Directions for this task: Beginning at the line that contains "Стойки саморегистрации на" and finishing at the line that contains "Bottega Veneta Intrecciato", output the data below exactly. Include both end lines and no pictures.

START Dataset excerpts

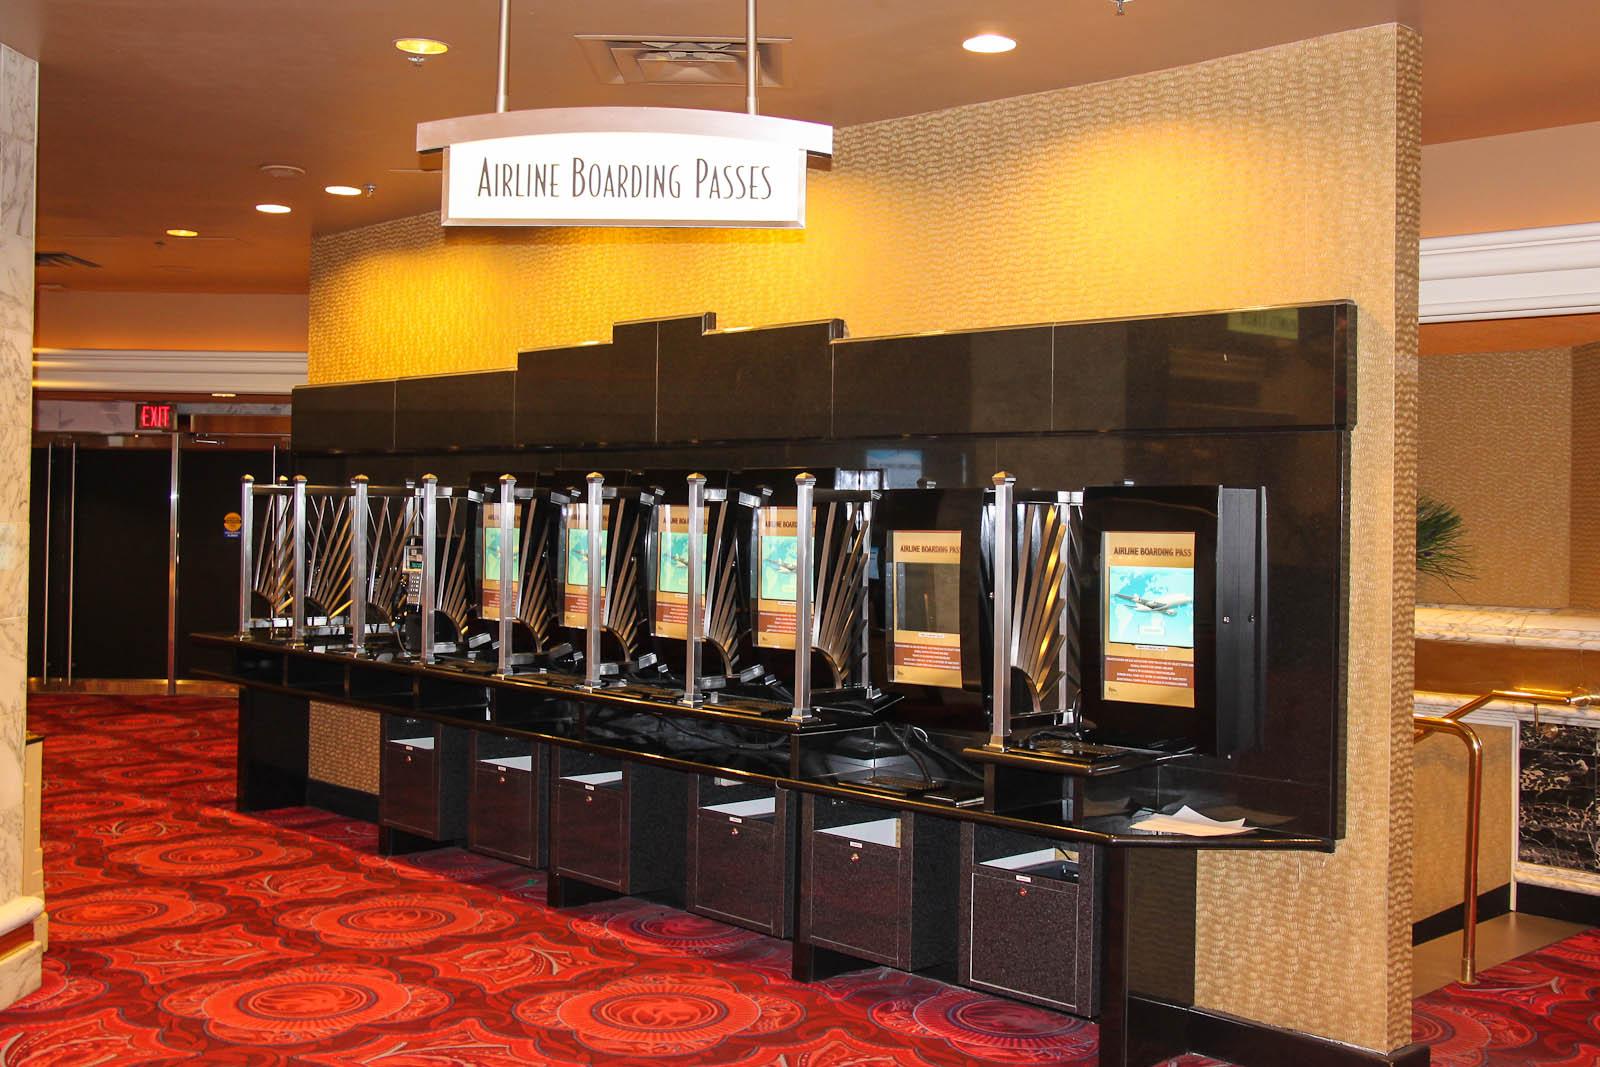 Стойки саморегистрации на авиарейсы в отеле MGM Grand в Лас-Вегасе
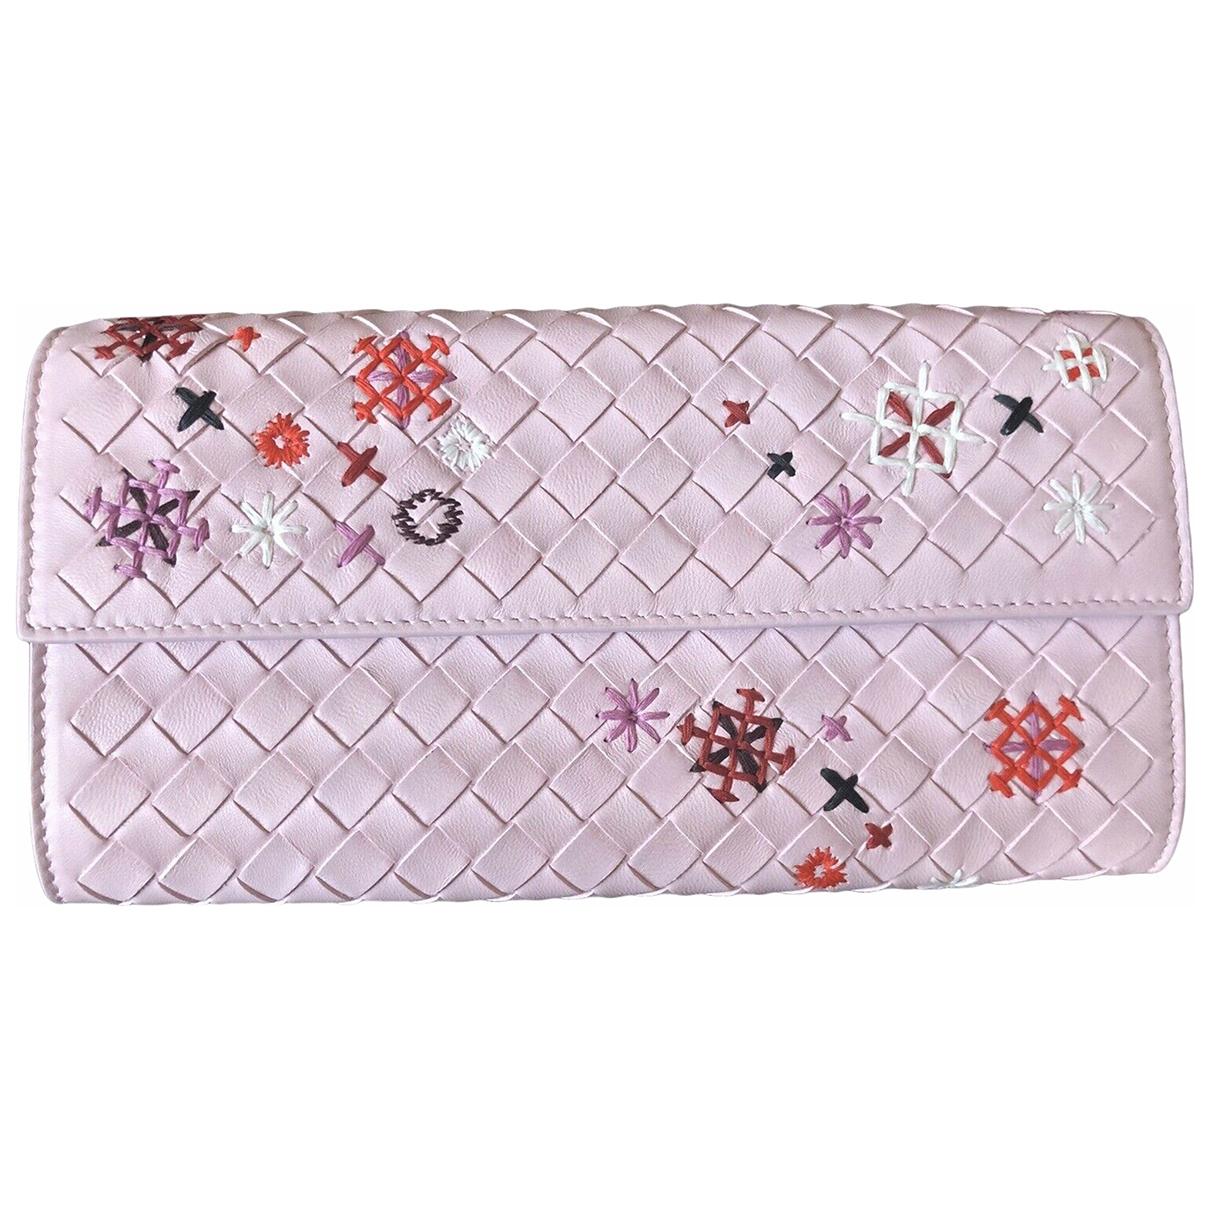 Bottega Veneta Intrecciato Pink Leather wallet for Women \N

END Dataset excerpts
START Dataset excerpts

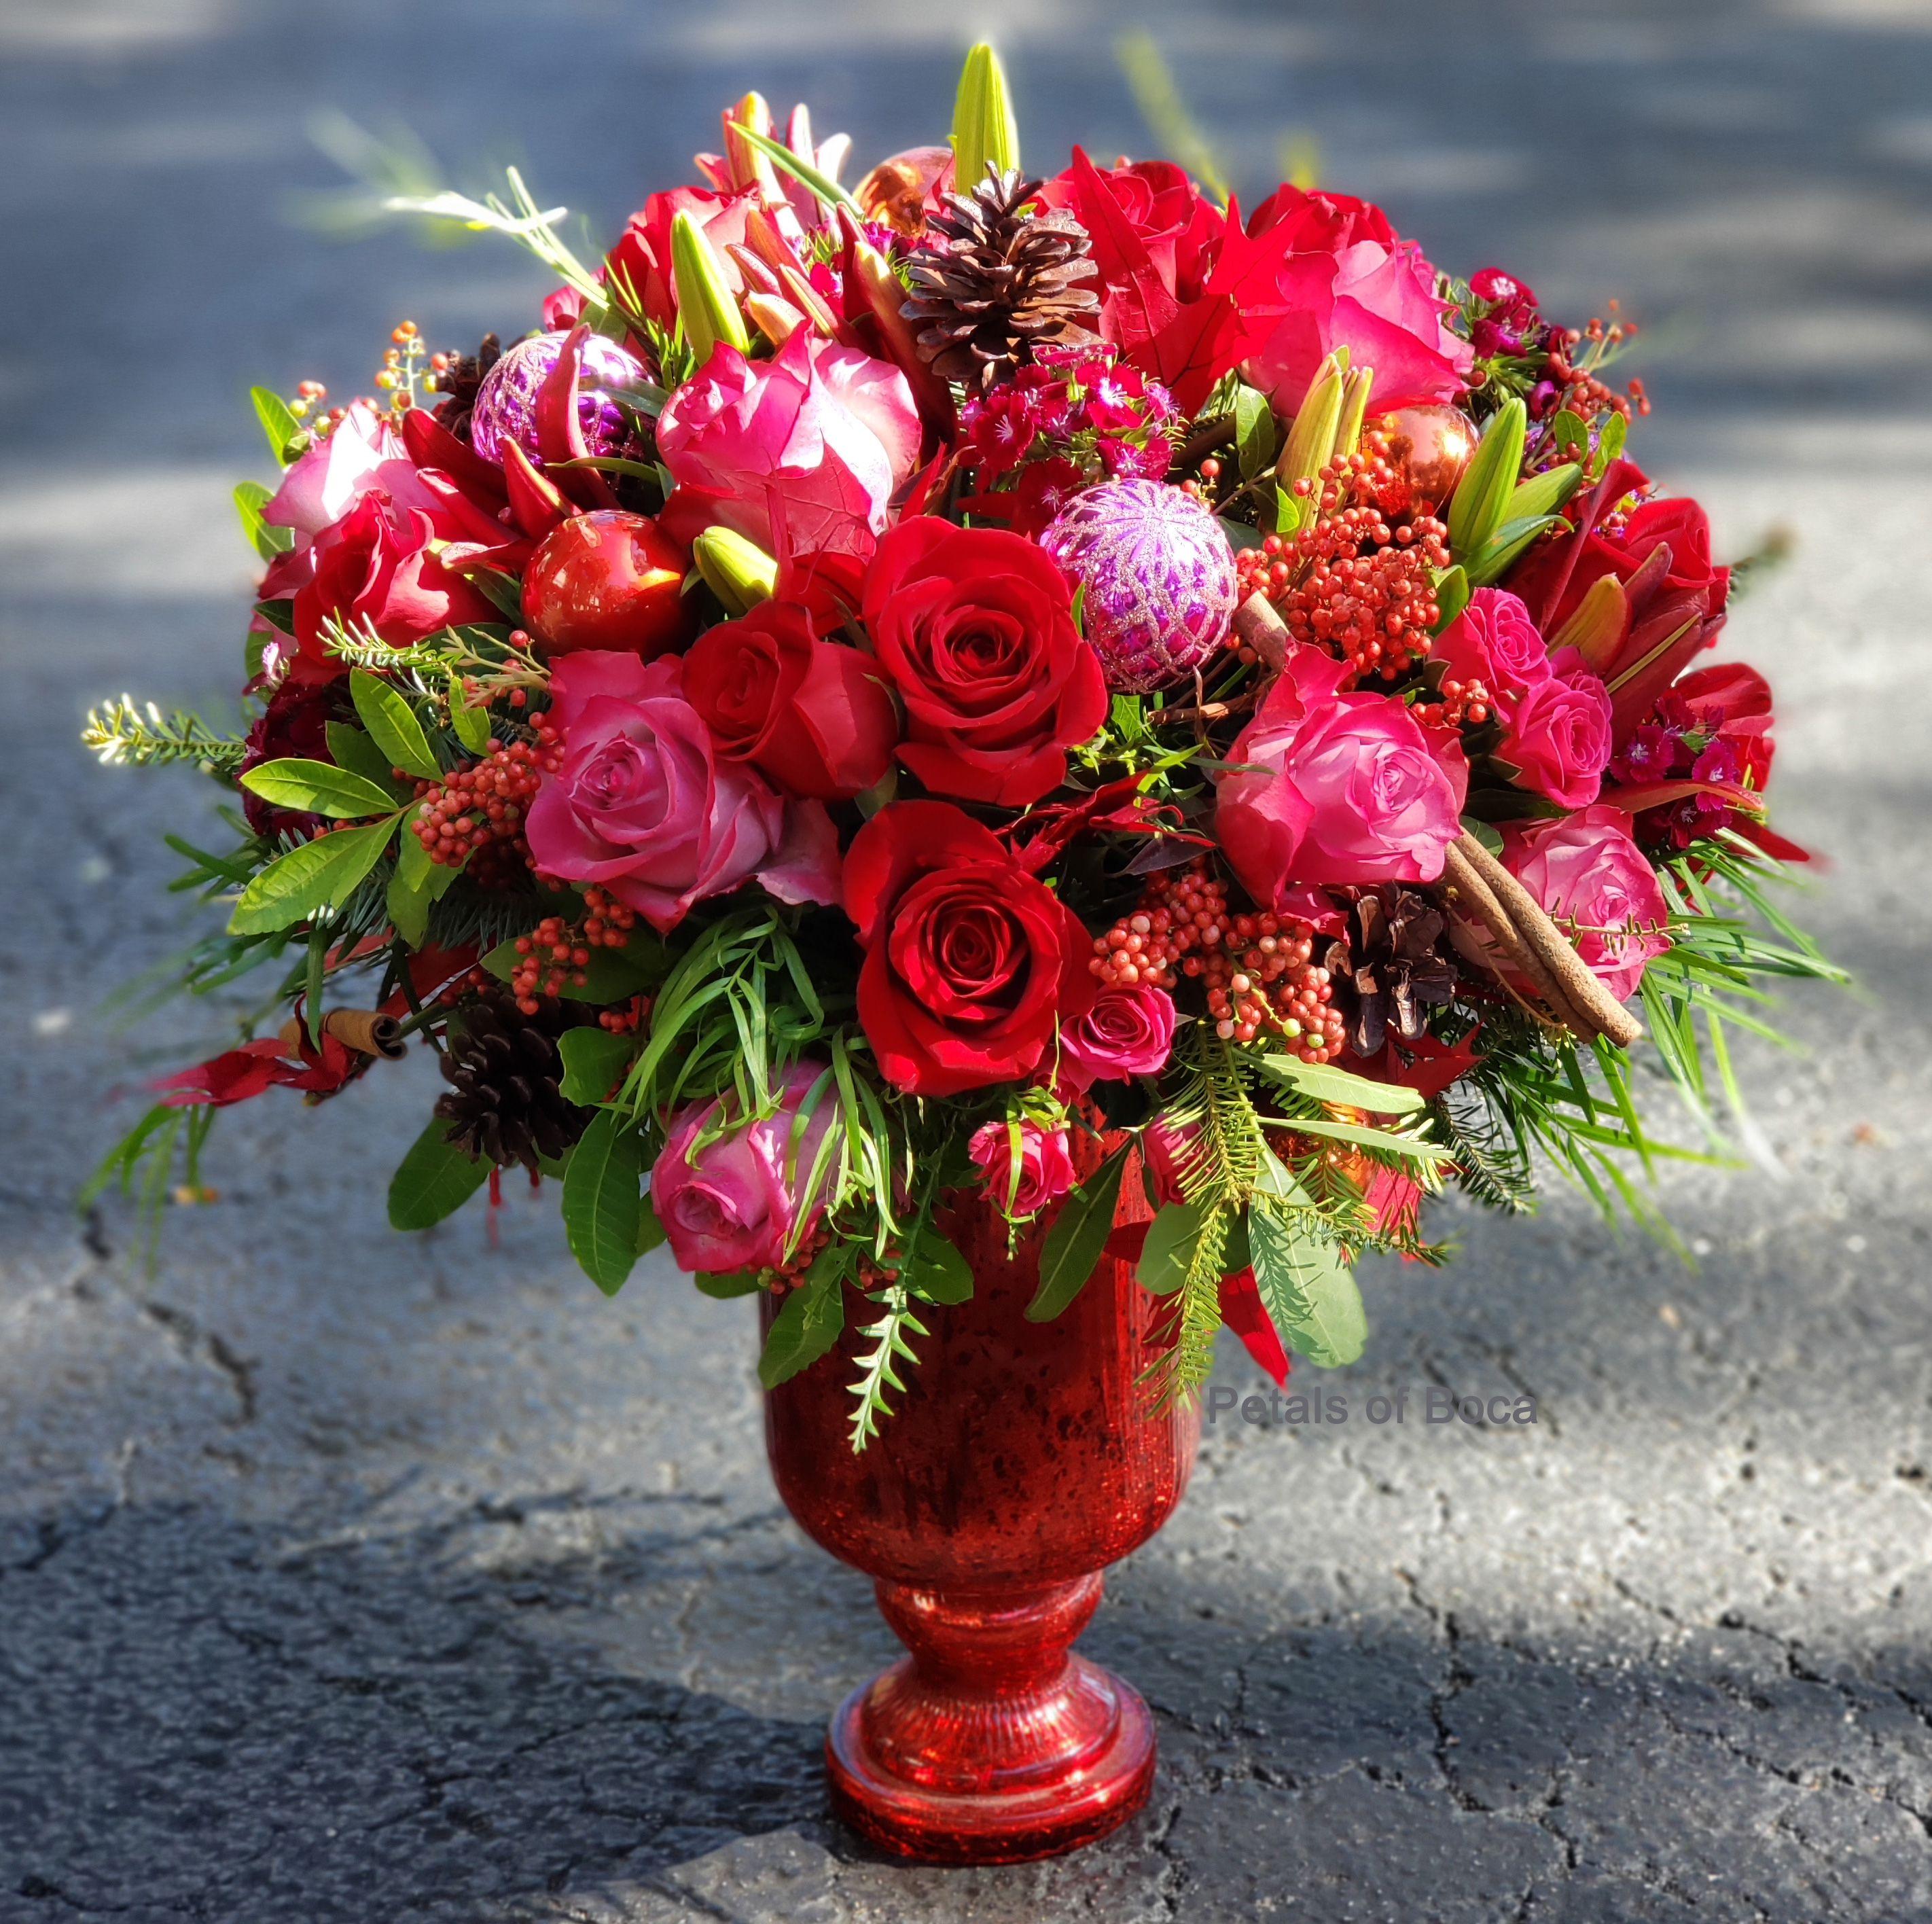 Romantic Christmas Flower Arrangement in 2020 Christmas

END Dataset excerpts

Output of the exercise:
 Стойки саморегистрации на авиарейсы в отеле MGM Grand в Лас-Вегасе
 Bottega Veneta Intrecciato Pink Leather wallet for Women \N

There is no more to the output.